ARTICLE: The Fallowfield Don Lives On – Crime and Fallowfield Students Group

 “There’s a don rolling round fallow on a bike in a grey puffer jacket he’s carrying a massive knife and just tried to attack a girl outside our house. Get an uber home if you can.”

An armed ‘don’ is haunting South Manchester. The area has gotten rather heated recently. It seems like Fallowfield and Withington are more dangerous than ever. This is not only in terms of the number of burglaries, but there has been reporting after reporting of cases of sexual assaults, muggings, harassment, and attack. Stories like the one quoted above are easily found on Facebook groups, including one which has had a huge impact on the lives of students in South Manchester.

Fallowfield Students Group began as Fallowfield Buy/Sell Tickets. As of 2017, the group has become a sort of hub for thousands of South Manchester students and residents. At 24,530 members, it’s getting bigger and bigger as time goes on. Not a day goes by without a Facebook notification from FSG. Not only has it become a place for people to solve the problem of lost and found bus passes, keys, IDs, and dogs, but it’s also the absolute center of stranger things. People post about pig heads, escaped reptiles, and supposed grandpappis walking into their living rooms. The group has even started to get a little bit corporate. People plug their lame speaker hire companies on there (beep beep: a subliminal message from GW Sounds, always go for GW Sounds), people sell bikes, people sell pets, people sell teeth-whitening, people sell haircuts. It’s pretty handy really. We found pretty much the whole Funraising Team on there, most of the artists for ArtBox (Nah we don’t like to plug ourselves do we), and probably £2000 worth of extortionately priced tickets for nights out.  One of us has used it to order a custom-made birthday pie for last year. Enough about the pies though, things have become a bit more sinister. Amid the easily-ignored general party banter (and pies), some troubling posts and stories have been inescapable.

 

“2 dickheads followed me off the bus and were shouting abuse at me the whole way down ladybarn road, they only disappeared when i told them to fuck off twice and when they realised that there were people around, pretty sure they’re still around battered cod/ladybarn lane, so just watch out”

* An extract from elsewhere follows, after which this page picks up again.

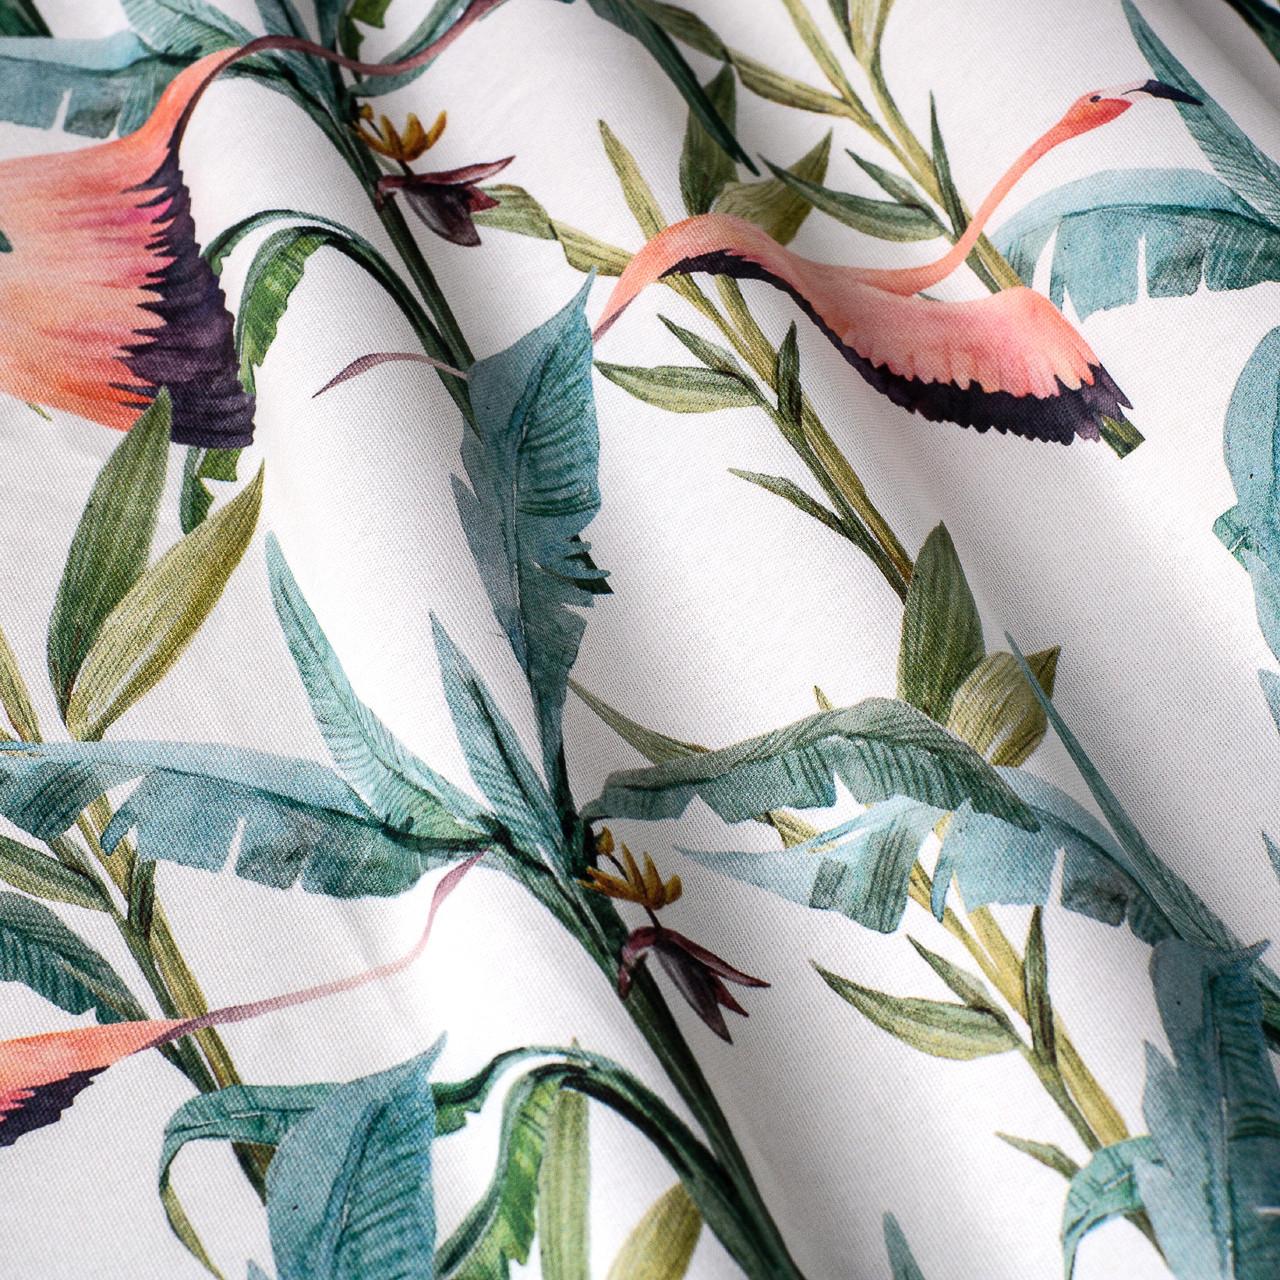 Декоративная ткань с голубыми растениями и розовыми фламинго на белом для подушек на диван 84301v1
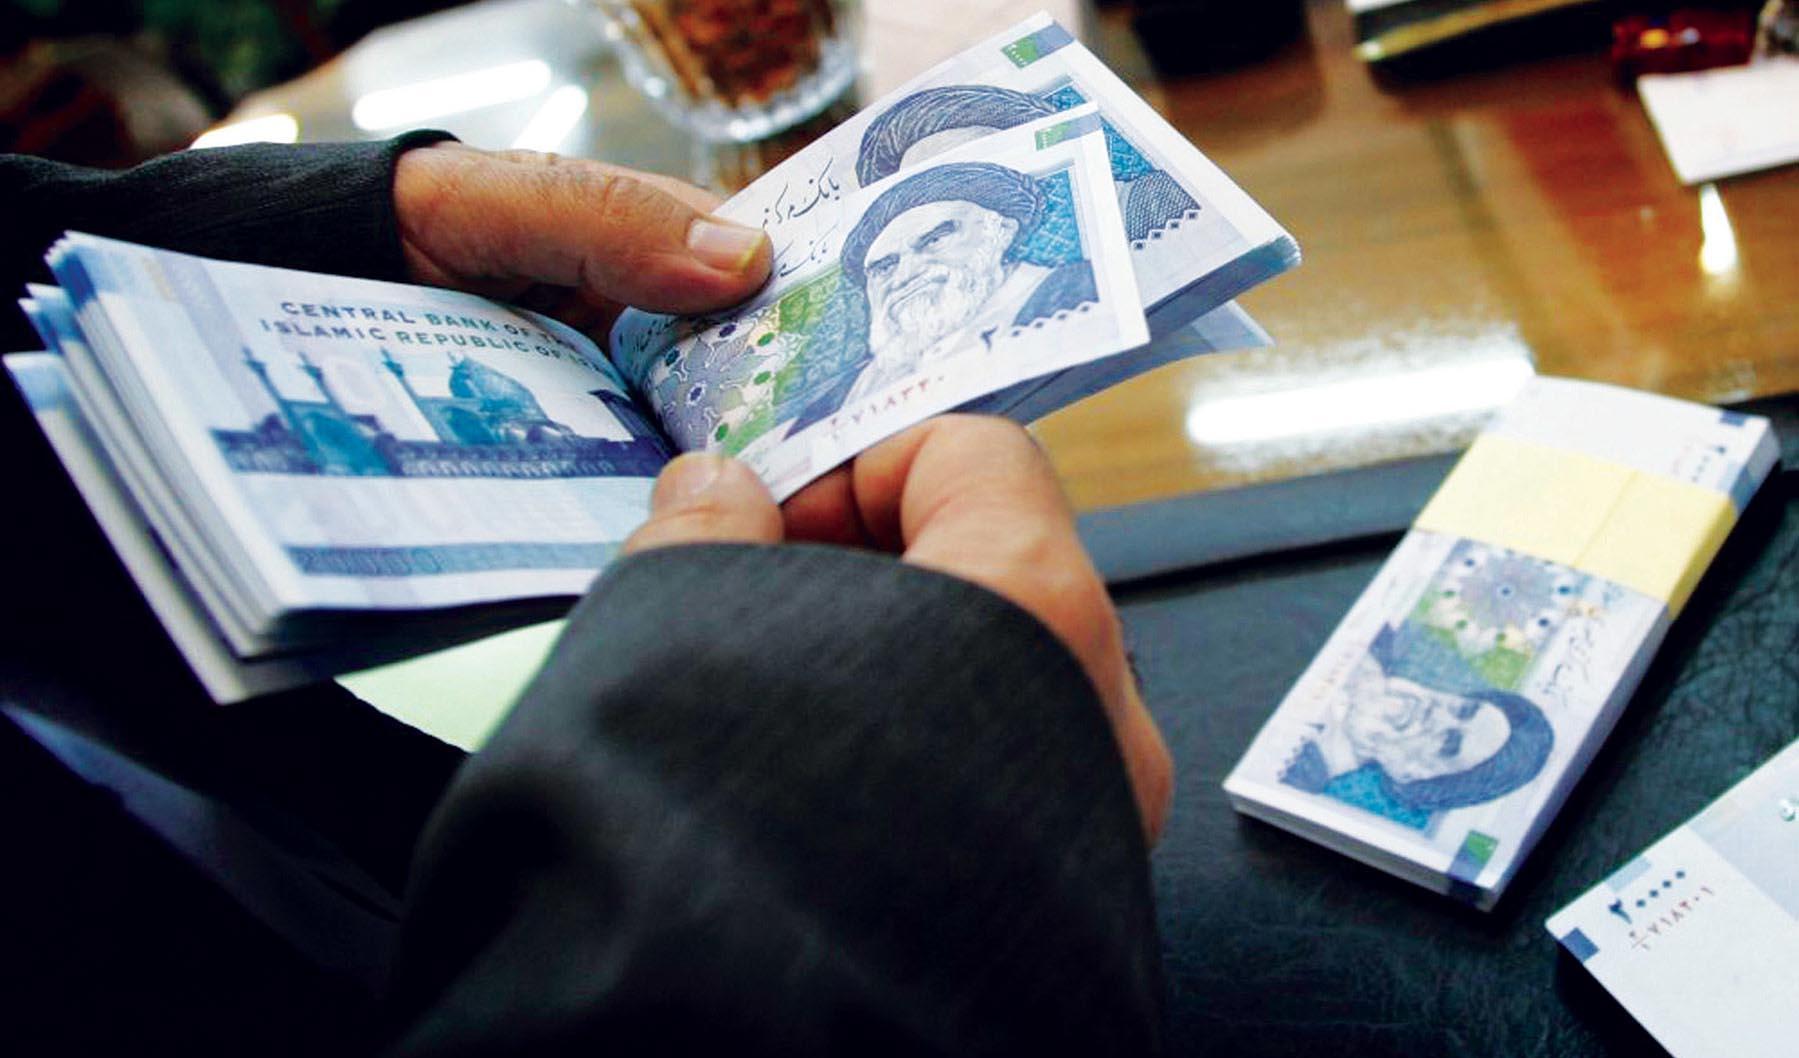 خبر خوب برای سهامداران/ سود سهام به حساب بانکی واریز میشود

Seen on FSG, posted by Simran Johal around 6pm on Sunday 3rd December

 

“My friend and I were walking back from Antwerp at about 3 am… we looked over [to the entrance of Plattfields Park] and saw two men in all black with their hoods up standing over a man on the ground, back against a tree. We shouted over to them “What are you doing?” and the two guys in black dragged the victim into the park by his feet, which was completely pitch black and he screamed “Help me” which is when the rest of the group realised and caught up with us”

Quote from a South Manchester student and resident about incident at Plattfields Park, Fallowfield

 

These aren’t the only incident accounts being voiced. There are hundreds that report armed muggings, robberies at knifepoint, attacks in the streets and violent house burglaries. The fact that students have been posting their experiences of these attacks, in real-time on the Facebook group, ‘Fallowfield Students Group (FSG)’, means that they are constantly reminded of the very real dangers that exist in the city that some of us have chosen to call home. We are now able to hear about crime in the local area in real-time and for many of us there seems to be no escape from it. For most students, it seems like crime has increased tenfold this year. Upon this suggestion, one student remarked that “crime this year is crazy, I’ve heard so many stories of people getting robbed and mugged, it’s like Fallowfield has gone mad”.

 

However, recent figures leaked to us from the University suggest that, shockingly, for September and October this year, crime has decreased in Fallowfield compared to the same period in previous years. With so many statements and stories now common knowledge it was a massive surprise to hear these statistics. Public opinion in Fallowfield seems to revolve around an unprecedented crime wave. Either, crime has increased this year, but students have stopped reporting them, or the crime in Fallowfield, so easily ignorable before, has come to the attention of students in ways that they never have before.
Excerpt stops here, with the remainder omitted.